The GPS takes us to the parking lot of an out-of-business diner in North Sultan, a small Washington town that’s about forty-five minutes from Medina. It’s technically a Seattle suburb now with disturbingly high housing prices, but the locals who live here don’t see it that way. It’s still got that small town feel, and with a population of less than two hundred and fifty people, we don’t have any company in the parking lot.

The box is sitting near the front door.

It looks sturdy as hell, with a hinged lid that’s currently shut, but unlocked.

Chasm and I stand there for a while just staring at it.

“I can smell it from here,” I breathe, choking on the sickly-sweet scent. It’s mixed with this awful tang, one that reminds me of the iron skeleton key that Tess gave me. On our way here, we stopped and grabbed some rubber gloves from a nearby convenience store.

I’m starting to think that was a good idea.

I’m the first to move forward, squatting down beside the box and running my hand across the smooth wood. It’s a beautiful piece, something that I’d put at the end of my bed to store extra blankets in. I give it a pat.

“Don’t do it,” Chasm warns, standing behind me with his hands laced together behind his head. His face is chalk white and he looks half-ready to keel over. But I can’t just drop this trunk onto someone’s porch without knowing what I’m delivering; I can’t. “Dakota.”

I ignore him, turning back to the trunk and wetting my lower lip. The latch flips up easily, unlocked as it is. Bracing my hands on either side of the wooden lid, I lift it up, listening to the creaking of the old hardware.

It’s the smell that hits me first, that awful copper tang that seems to sit so heavily on the back of the tongue. I gag before I even realize what it is that I’m staring at: a dead girl. A dead girl in a familiar maid uniform, one that’s now stained with crimson. It isn’t Delphine, but the original maid—what did she say her name was? JJ? the girl I met on my second day here.

“Oh shit, oh shit, oh shit,” Chasm murmurs, and then he’s stumbling away and vomiting into the bushes. Me, I’m just fucking frozen there, staring down at the girl’s disturbingly white face, her parted lips, her glassy eyes. “I told you not to open it!” he screams at me, and a second later, the lid slams shut. I just barely manage to pull my hands away before my fingers are crushed. “Are you goddamn insane?!”

I’m still just sitting there, kneeling in the gravel and struggling to find my breath. Each inhale tastes like copper. I’m slowly suffocating, but I can’t move. I can’t think. It’s a struggle to stay conscious, to be quite honest. Every molecule inside of me screams for me to call the police, to call Tess, to do something other than what it is that I’m doing right now.

The thing is: my bio dad has made it quite clear what his rules are.

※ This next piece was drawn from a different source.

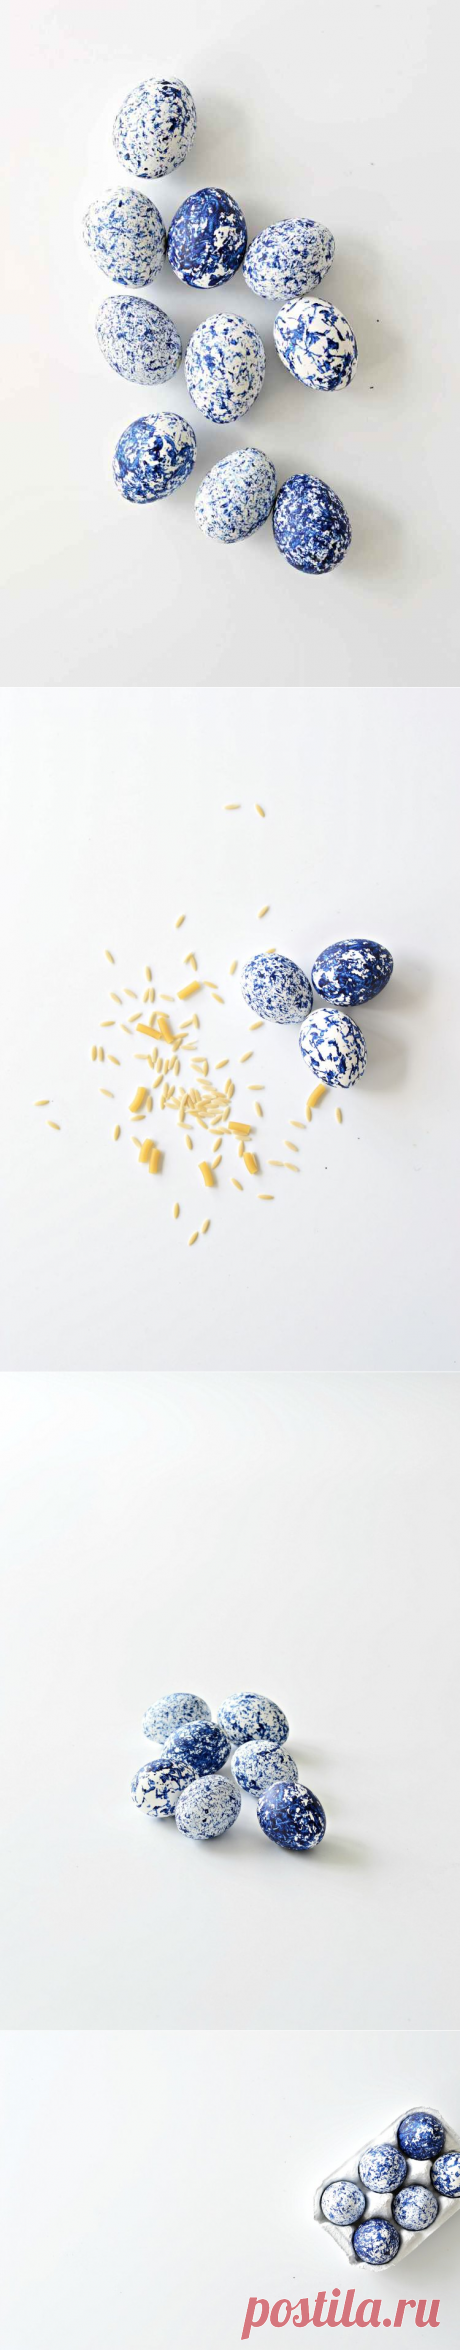 DIY крашеные пасхальные яйца с абстрактным рисунком - Домашний декор - Your DIY Family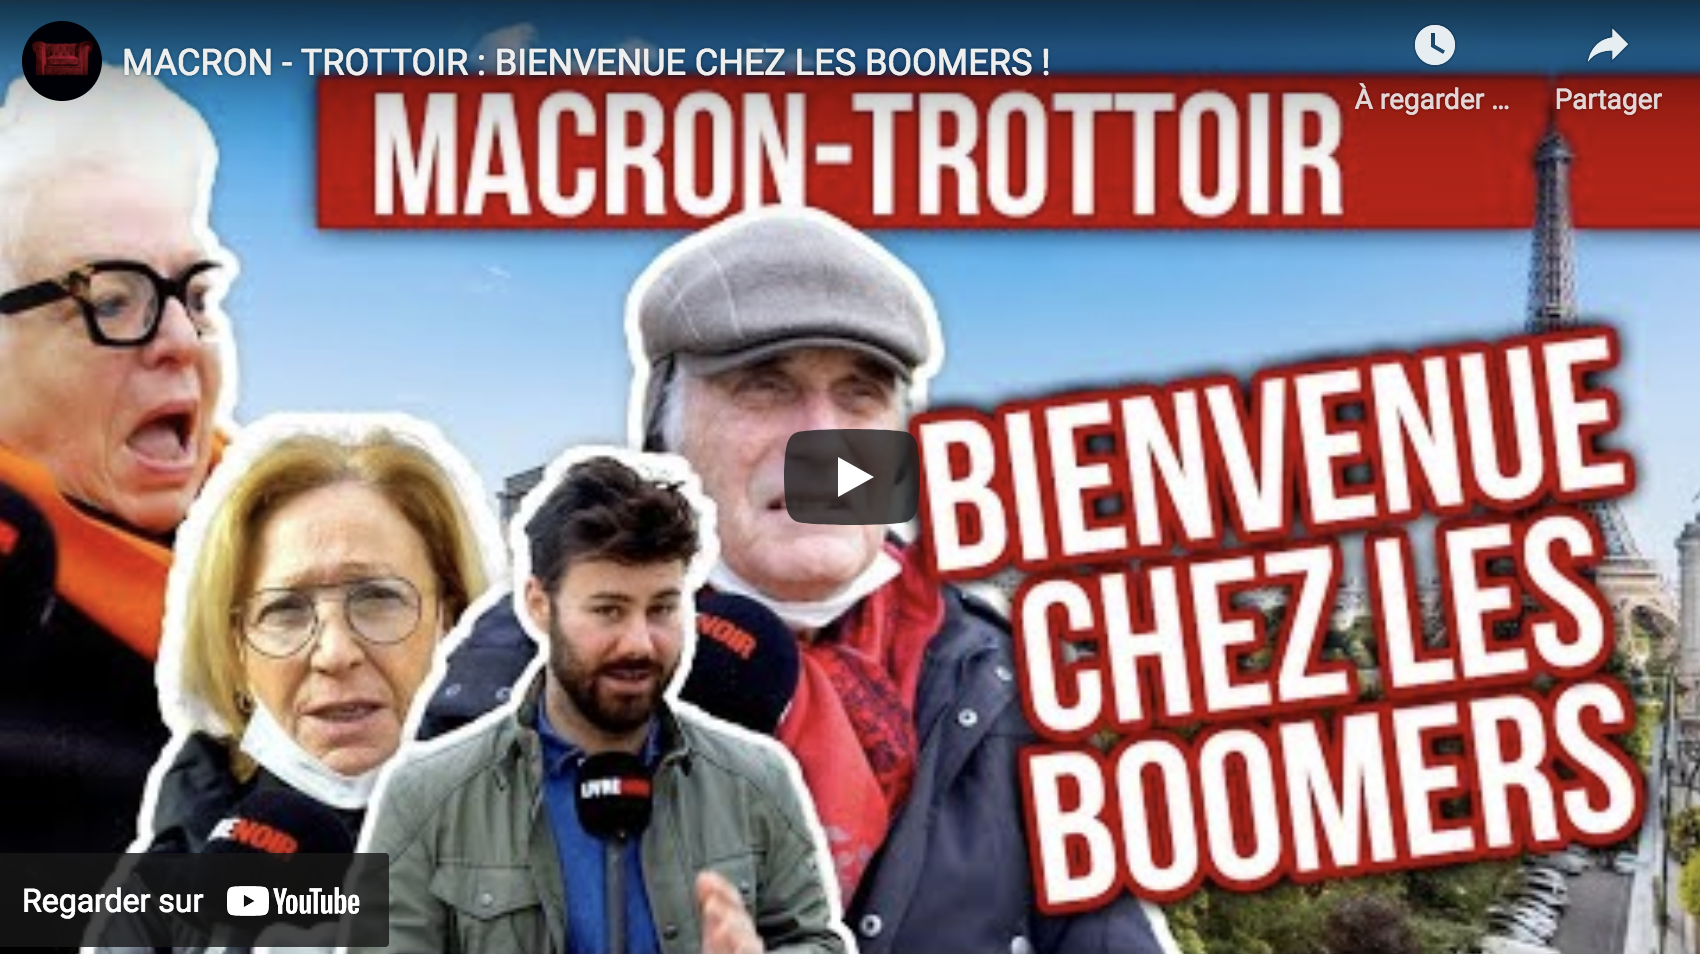 Macron-trottoir : Bienvenue chez les boomers ! (VIDÉO)

If I mess this up, Parrish dies. There is no part of me that’s unsure that he’d actually go through with it. I already know he will. This right here is a warning to me, a reminder that this isn’t just murder theater. He will go through with it. In fact, he has, on plenty of occasions.

I’ve never hated myself more than I do in that moment.

Chasm is pacing and cursing in Korean, running his fingers through his hair with wild, frantic movements. He knows as well as I do what has to happen here.

“Help me move this,” I say, somehow managing to find my feet even though my brain has shut off and my body’s gone numb. Chasm looks at me like I’m a crazy person.

“What the hell is wrong with you? I’m not fucking touching that thing.” He points to the chest with a gloved hand. His entire body is shaking, but he manages to put on a good show, looking more pissed off than anything else. “You really want to drop a dead body on someone’s doorstep? You think that’s a good idea?”